- [REQUIREMENT] Write out exactly the lines from the one with "LOCATION: Rochester Hills" through the last line of the data below, but not the pictures.

*** Begin section ***

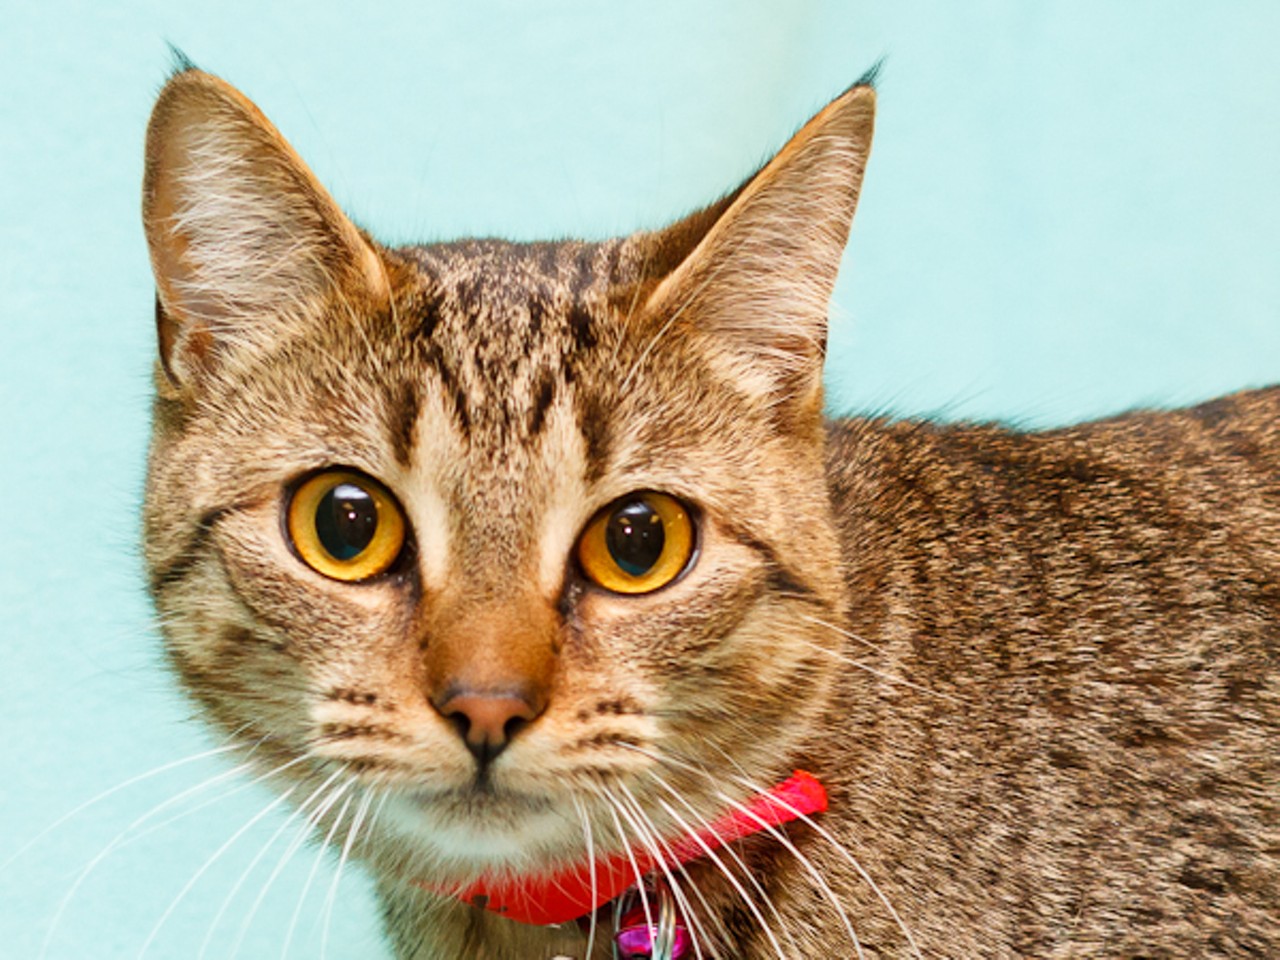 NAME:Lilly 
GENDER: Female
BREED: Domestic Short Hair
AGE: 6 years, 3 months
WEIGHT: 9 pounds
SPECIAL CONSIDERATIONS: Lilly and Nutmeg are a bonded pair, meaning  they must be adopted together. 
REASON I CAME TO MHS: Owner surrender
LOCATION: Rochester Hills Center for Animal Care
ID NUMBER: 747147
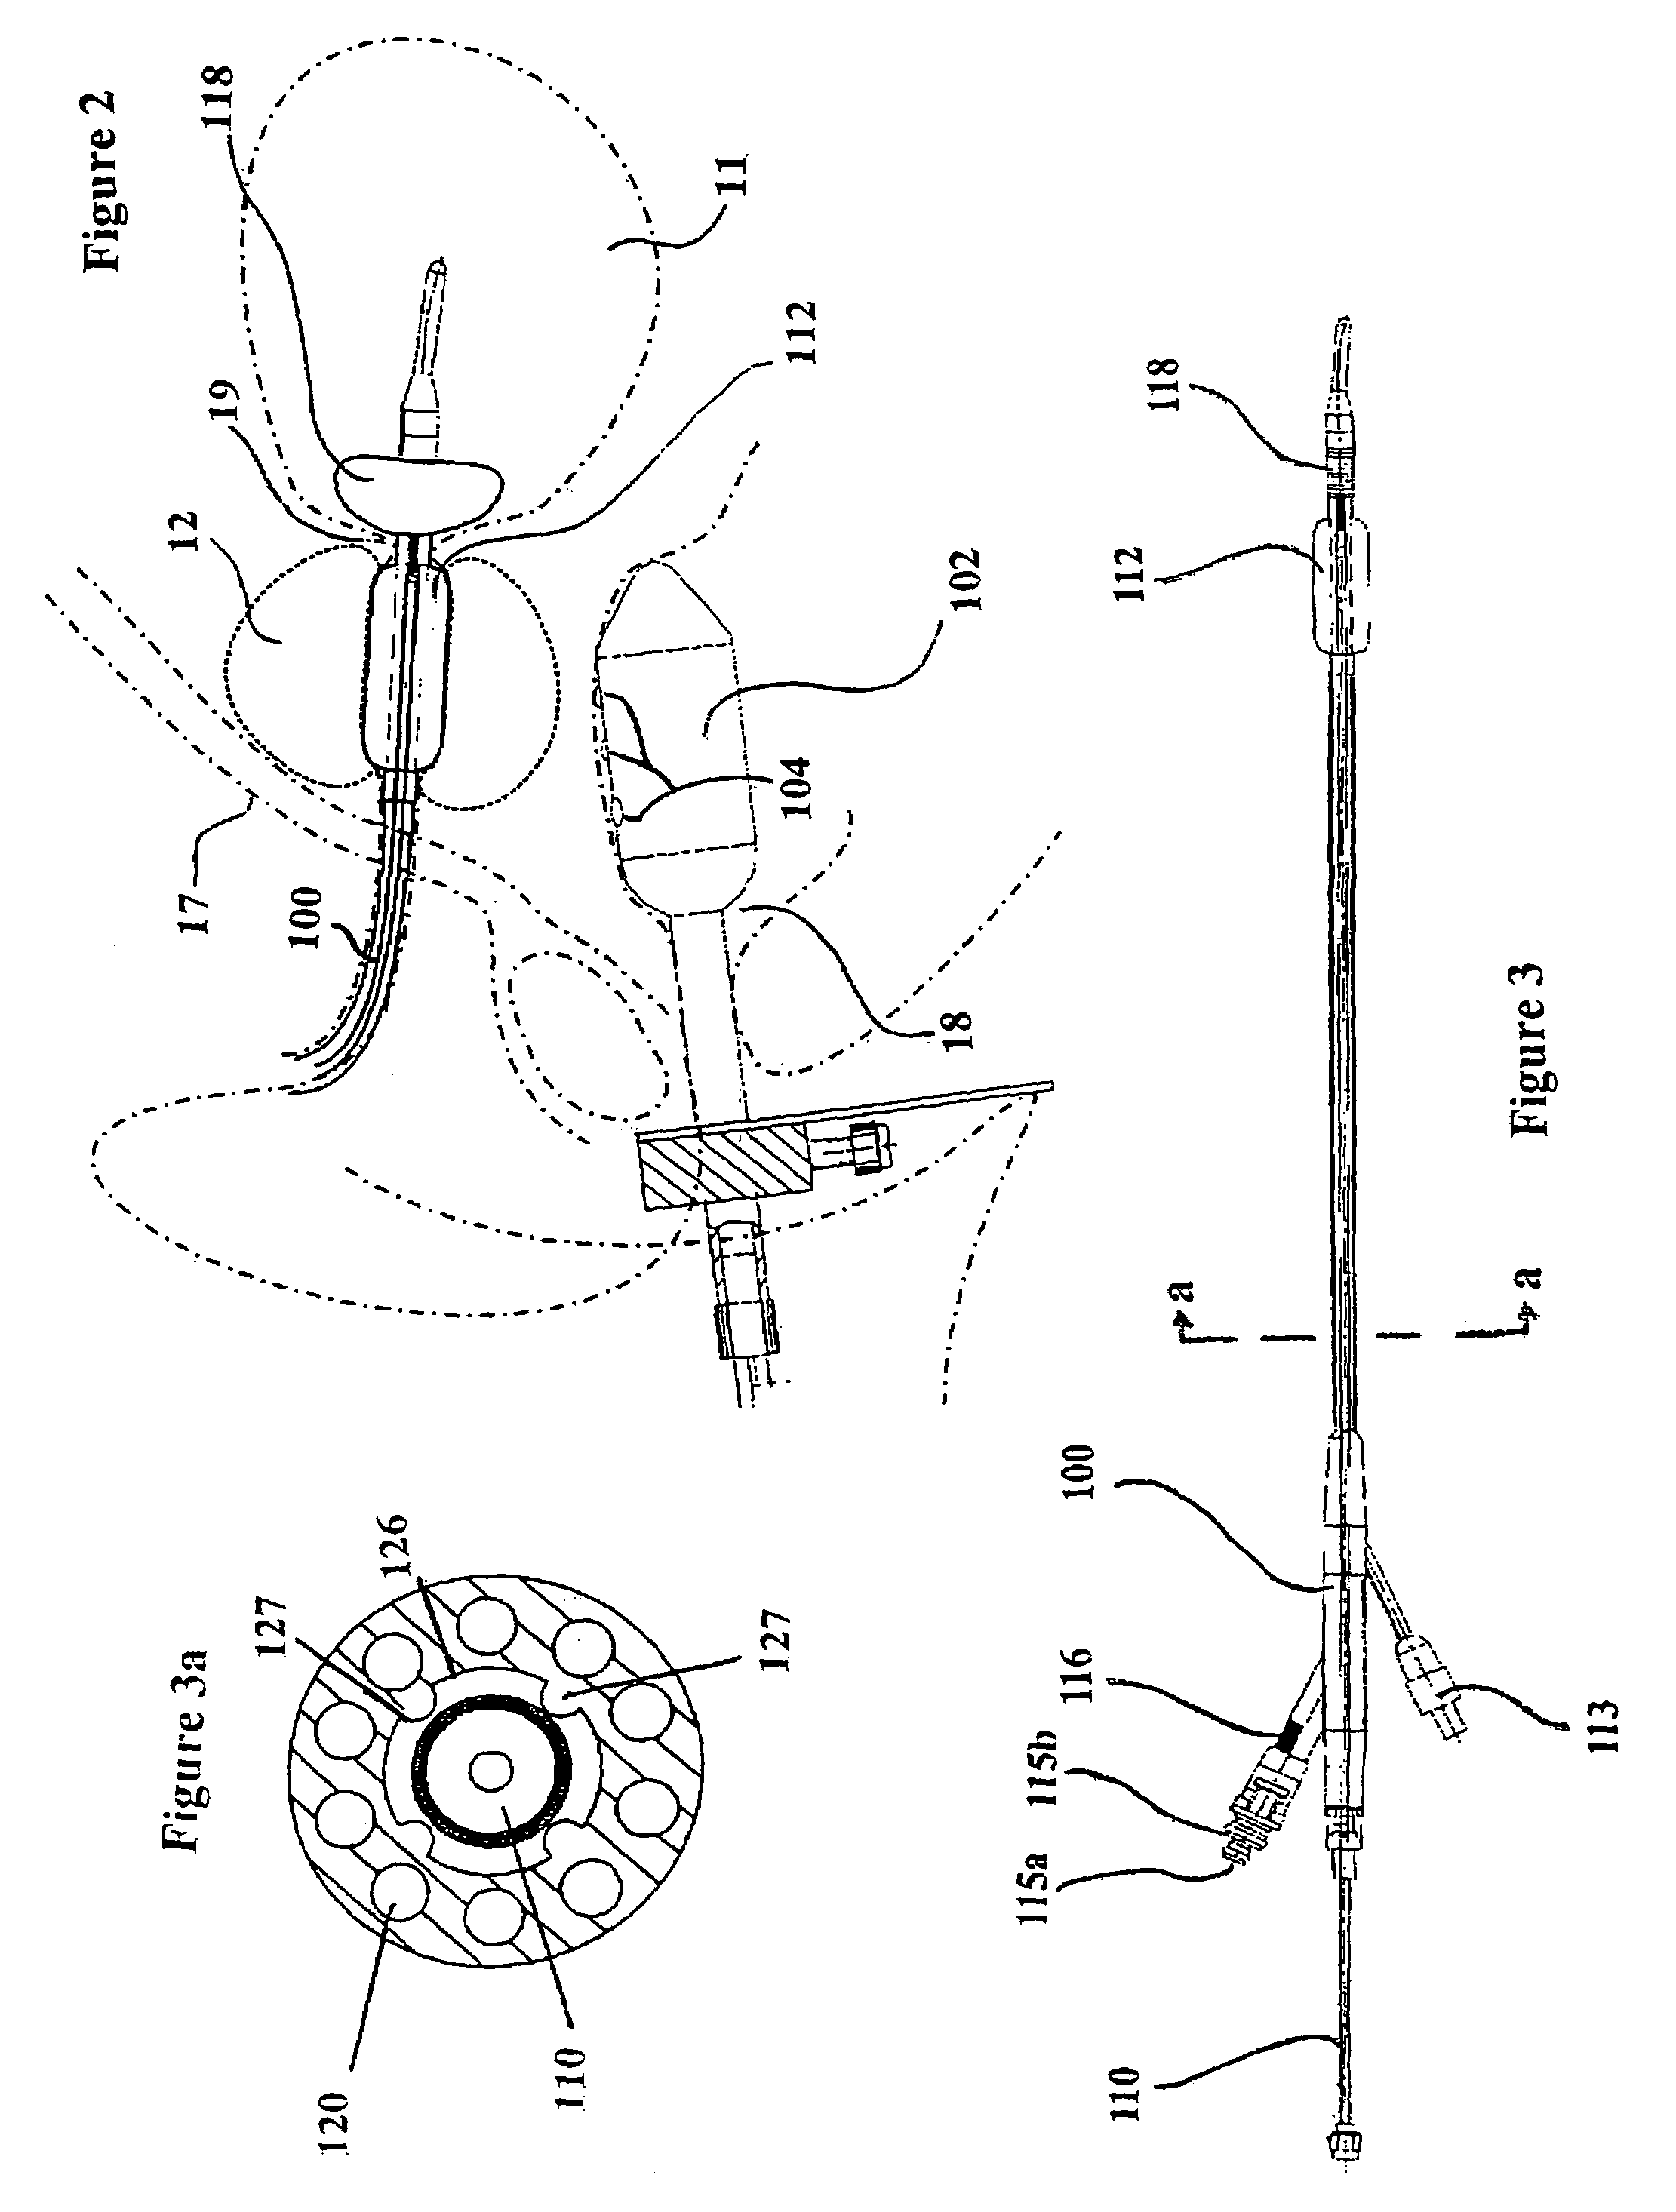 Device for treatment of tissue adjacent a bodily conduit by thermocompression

*** End section ***

- [TASK ANSWER]
LOCATION: Rochester Hills Center for Animal Care
ID NUMBER: 747147
 Device for treatment of tissue adjacent a bodily conduit by thermocompression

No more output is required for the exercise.